Tornqvist et al.(1989) demonstrated a statistically significant increase in HEVal concentrations in fruit store workers exposed to ethylene (0.03-3.35 ppm; average 0.3 ppm) when compared to a control population. A similar effect was seen in both smokers and non-smokers, although concentrations of HEVal were higher in both control and exposed smokers than in comparable groups of non-smokers. The authors estimated that approximately 3% of atmospheric ethylene is converted to ethylene oxide by metabolism. Workers exposed occupationally to ethylene in a plastics factory were divided into groups according to their level of exposure. Concentrations of HEVal were 15 pmol/g (range 9-32) in the control group and 110 pmol/g (range 56-200) in the group exposed to approximately 4 mg/m3 (3.5 ppm) ethylene; the fraction of inhaled ethylene converted to ethylene oxide was estimated to be 0.5% (Granath et al.,1996).

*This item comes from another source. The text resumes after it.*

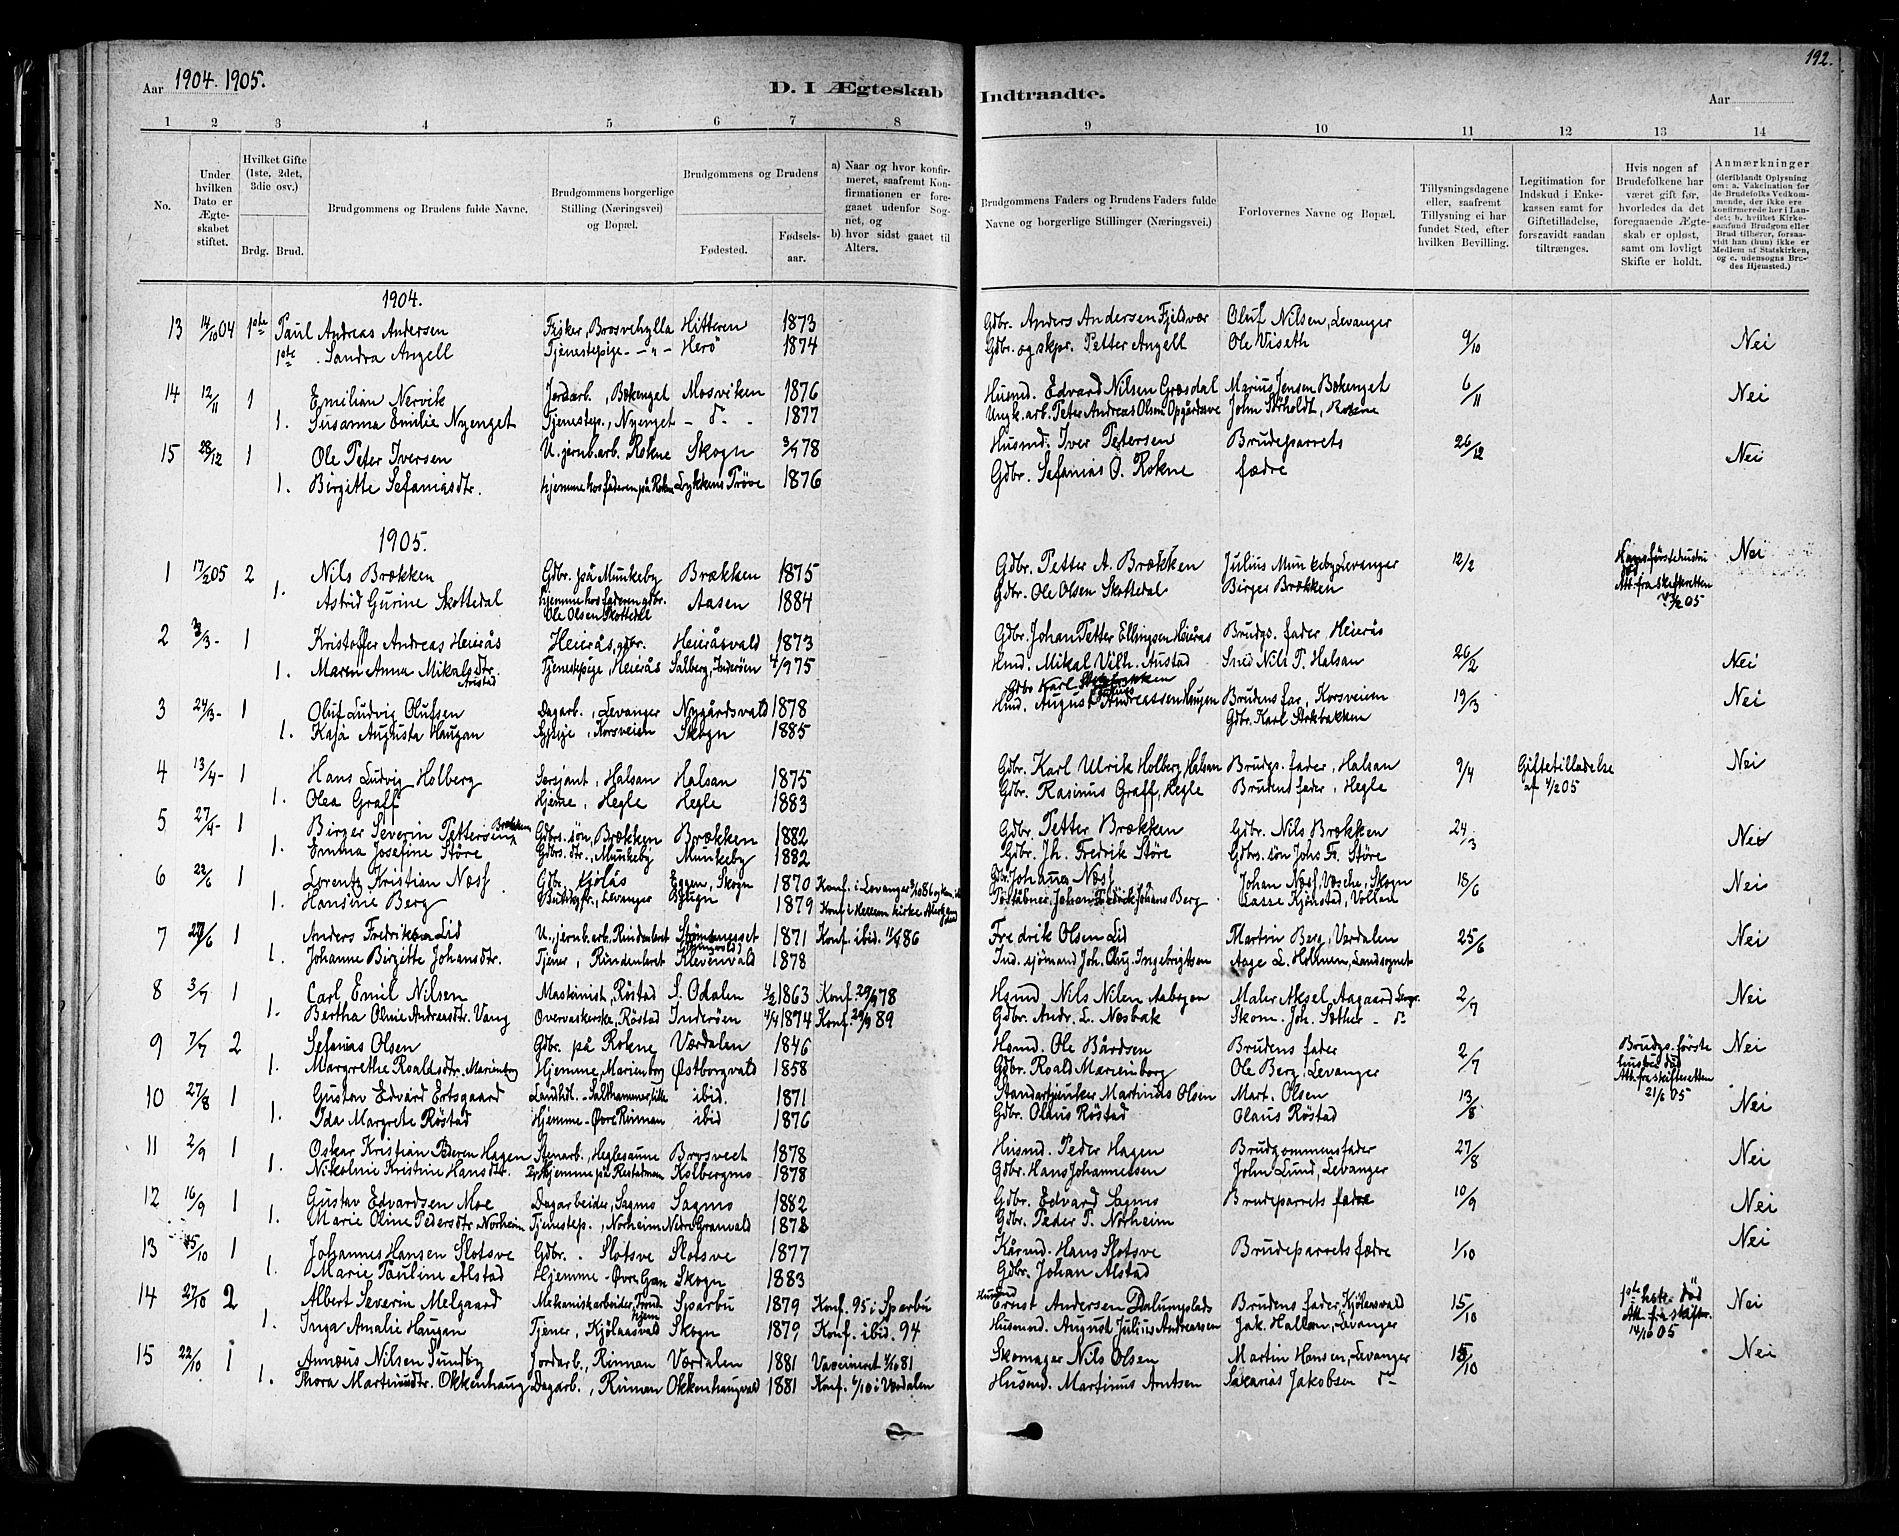 SAT, Ministerialprotokoller, klokkerbøker og fødselsregistre - Nord-Trøndelag, 721/L0208: Klokkerbok nr. 721C01, 1880-1917, s. 192

Endogenous production of ethylene

Filser and Bolt (1983) identified that control rats excreted low concentrations of ethylene oxide, indicating endogenous production of ethylene. Csanady et al.(2000) determined that the rate of endogenous production of ethylene in rats was 11.5 nmol/h/kg bodyweight resulting in a steady state blood concentration of 0.57nmol/l. The values in humans were 33 nmol/h/70kg bodyweight resulting in a steady state concentration of 0.097nmol/l; this is similar to that resulting from occupational exposure to 0.126 ppm ethylene for 8 h/day, 5 days/week.